OpenMetadata Ingestion Framework
OpenMetadata Ingestion is a Python framework designed to build connectors and ingest metadata from various external systems into an OpenMetadata instance via its APIs. It is commonly used within orchestration frameworks like Apache Airflow to automate metadata extraction and is actively maintained with frequent releases, often tied to OpenMetadata server versions. The current version is 1.12.5.1.
Warnings
- breaking A version mismatch between the `openmetadata-ingestion` Python package and the OpenMetadata server can lead to `ClientInitializationError`, `ValidationError`, or other unexpected behavior. The ingestion package version (e.g., `1.12.5.1`) must match the server version (e.g., `~=1.12.5`).

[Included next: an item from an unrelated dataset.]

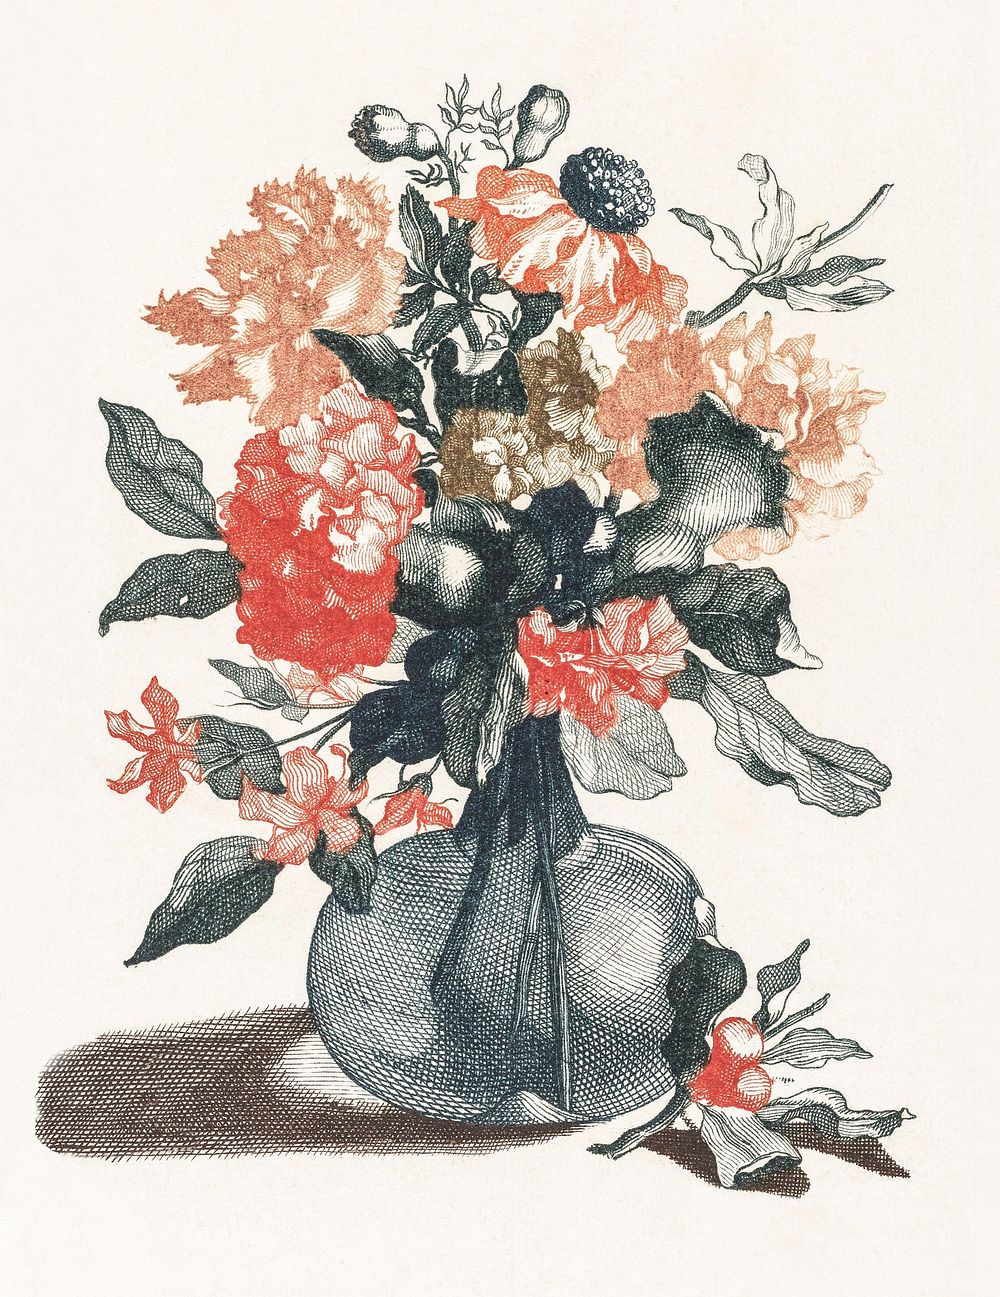 Flowers in a vase (1688-1698) by Johan Teyler (1648-1709). Original from The Rijksmuseum. Digitally enhanced by rawpixel.

- breaking Schema changes introduced in OpenMetadata minor releases (e.g., adding `queryStatementSource`, `queryParserConfig`, `statusLookbackDays` fields) require upgrading the ingestion framework. Running an older ingestion framework with a newer server can cause `ValidationError` during pipeline deployment or Airflow DAG build failures.
- breaking The OpenLineage Kinesis connection schema was refactored in version 1.11.12. Existing configurations with flat Kafka-specific fields (e.g., `brokersUrl`, `topicName`) must be migrated to a nested `brokerConfig` object.
- breaking The REST connector configuration changed in version 1.11.11 to support OpenAPI schemas from local files (JSON/YAML) in addition to HTTP URLs via the `openAPISchemaConnection` union type. Existing configurations might require updates.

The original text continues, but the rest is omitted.